Description of the task:
Each line below from the line with "MLB - New York" to the line with "Lantern Slide - Hazel" must be copied exactly, including those two, and no picture may appear in the copy.

Data for this task:
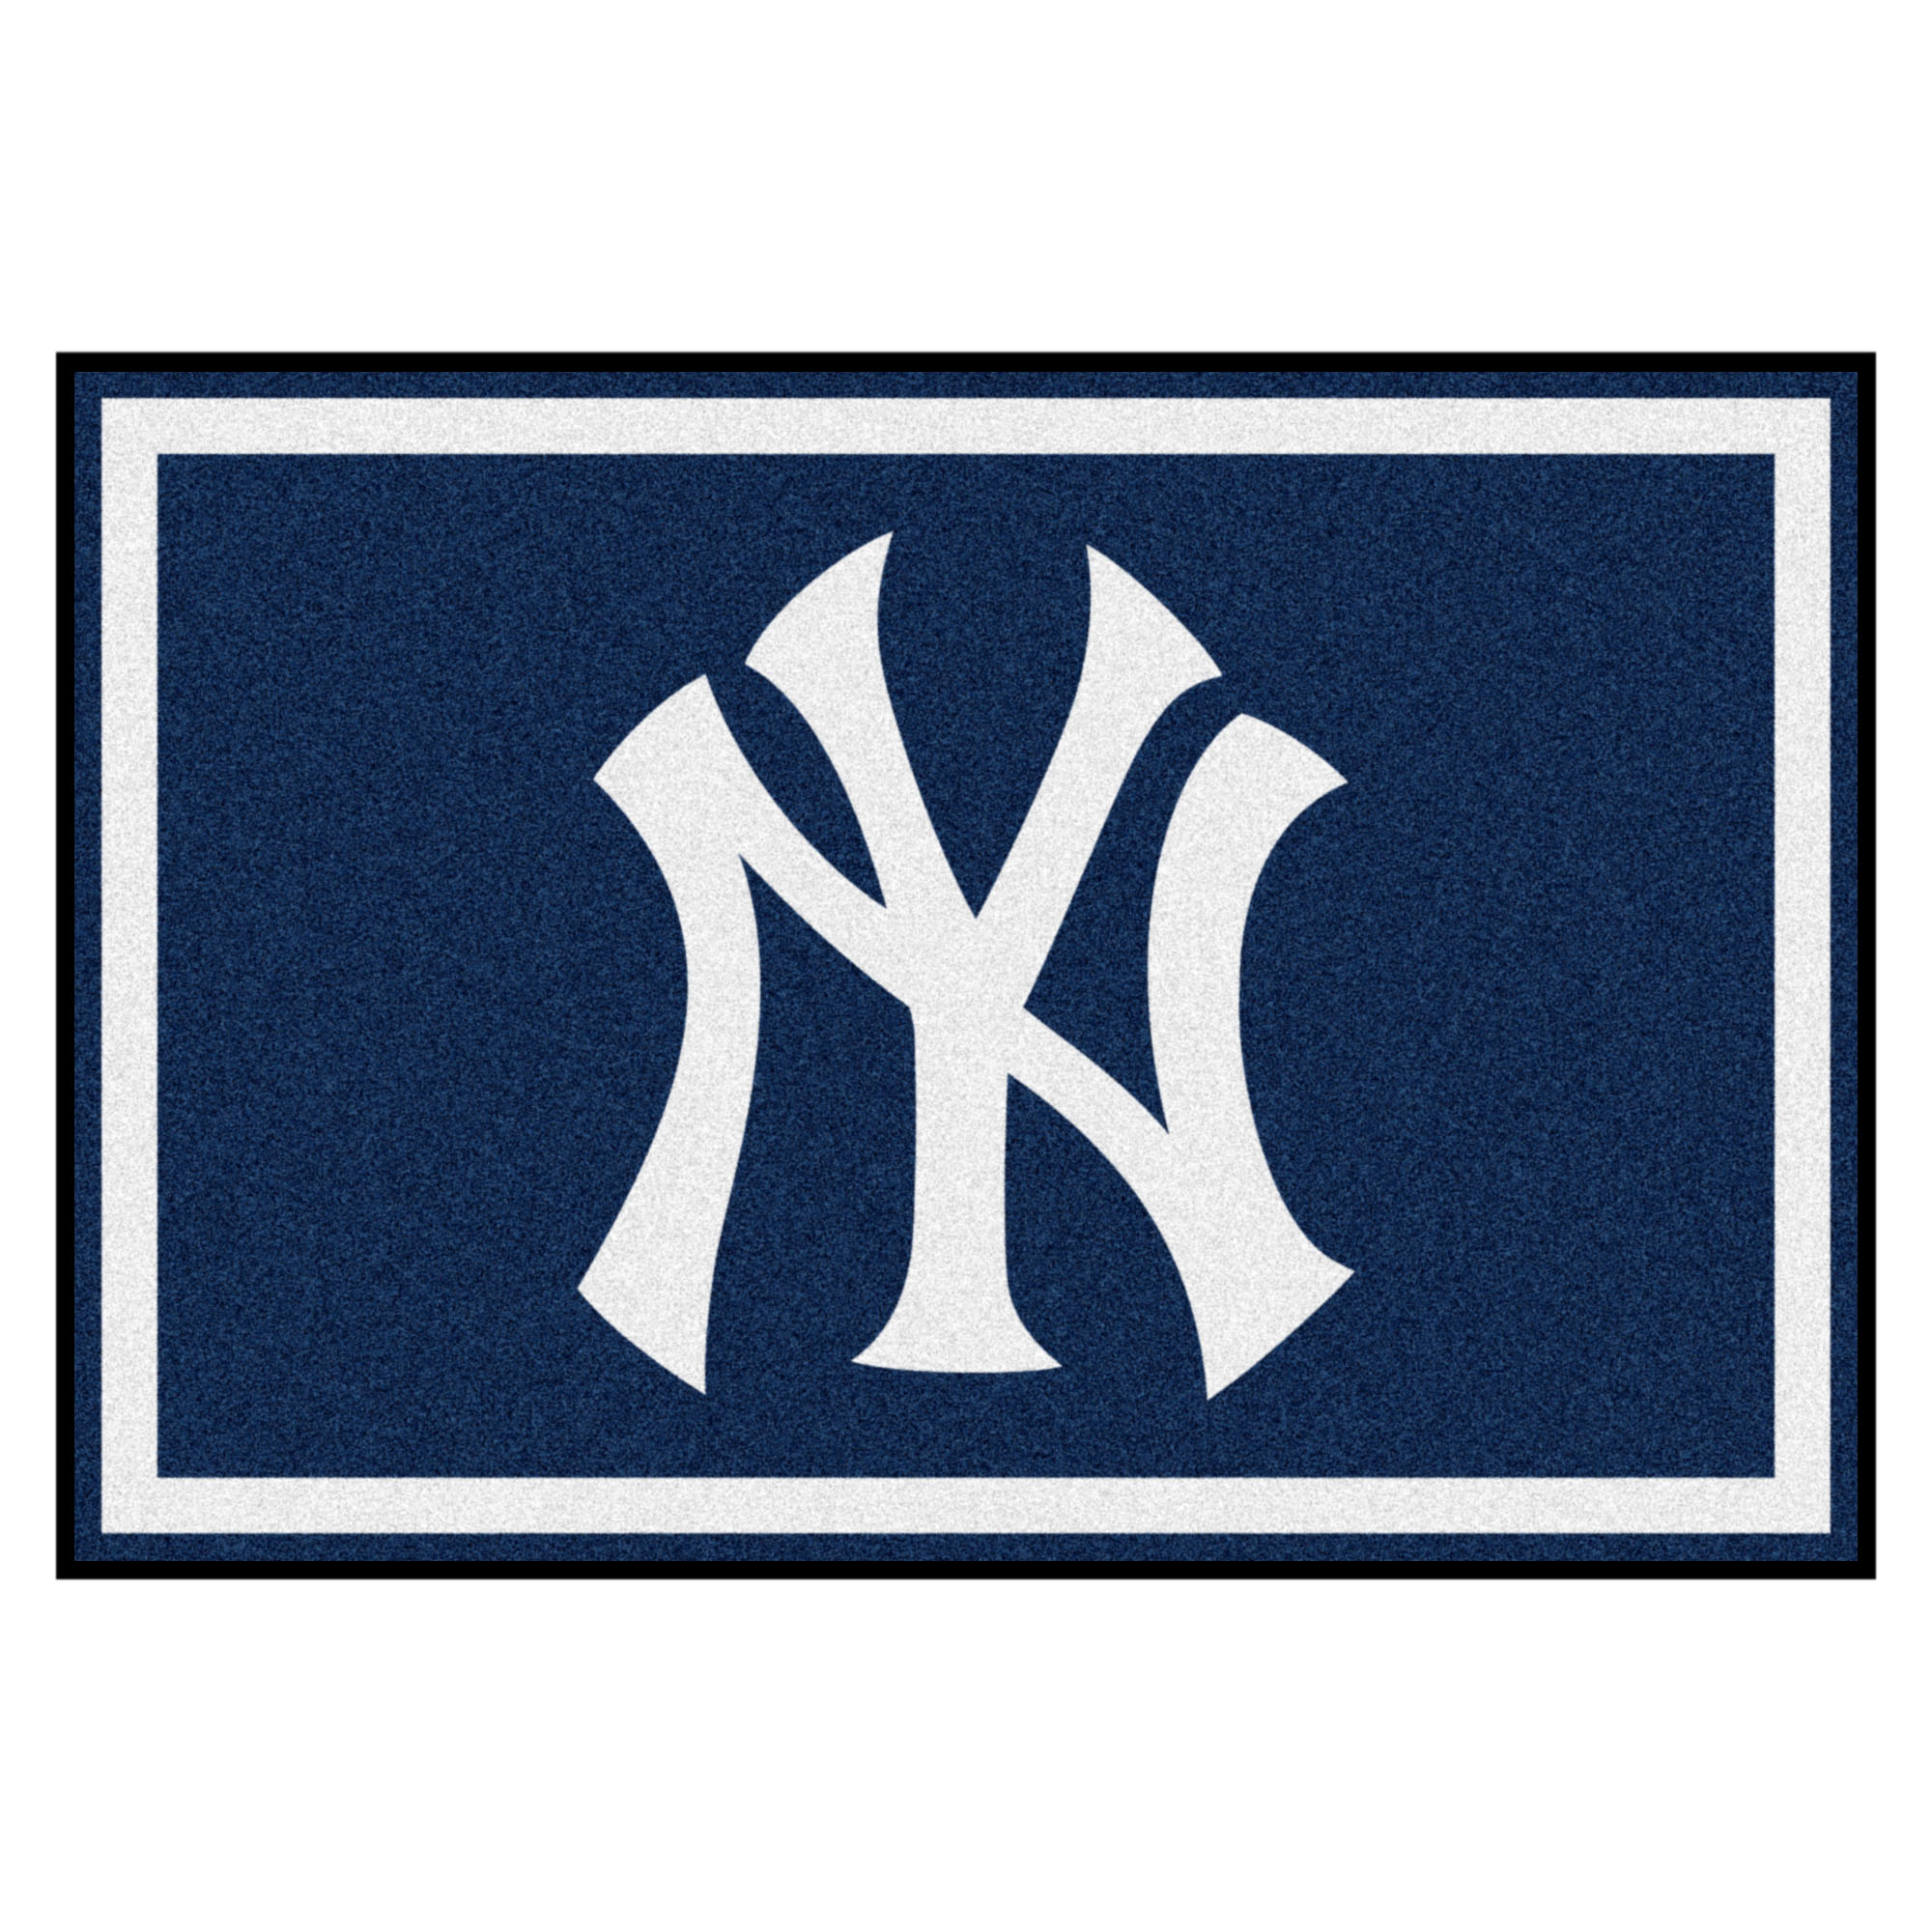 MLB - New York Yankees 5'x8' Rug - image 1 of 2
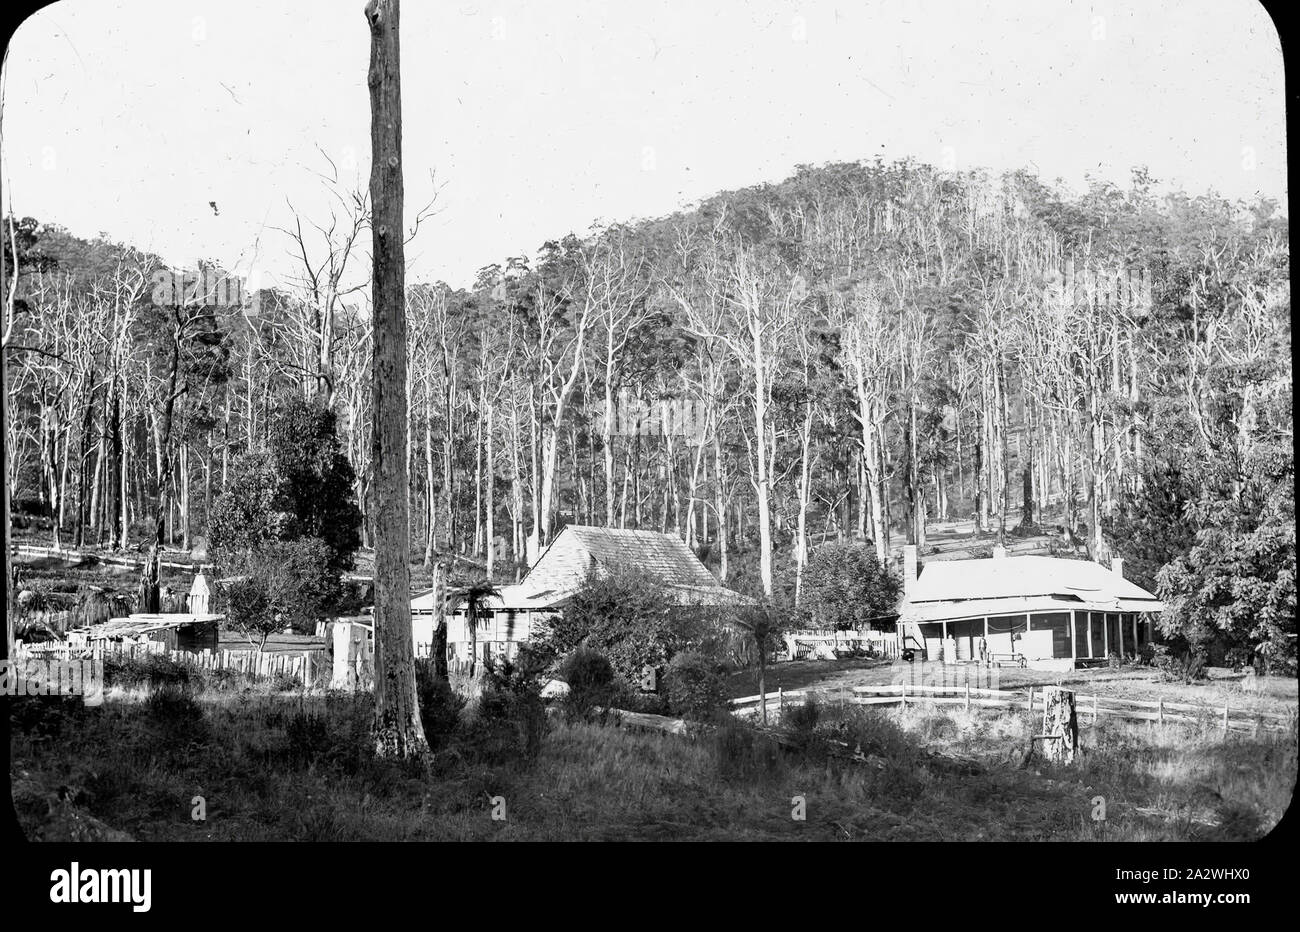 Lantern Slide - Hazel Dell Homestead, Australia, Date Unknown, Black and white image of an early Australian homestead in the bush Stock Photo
---
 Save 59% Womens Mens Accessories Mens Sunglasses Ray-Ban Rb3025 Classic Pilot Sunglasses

Output below:
 MLB - New York Yankees 5'x8' Rug - image 1 of 2
 Lantern Slide - Hazel Dell Homestead, Australia, Date Unknown, Black and white image of an early Australian homestead in the bush Stock Photo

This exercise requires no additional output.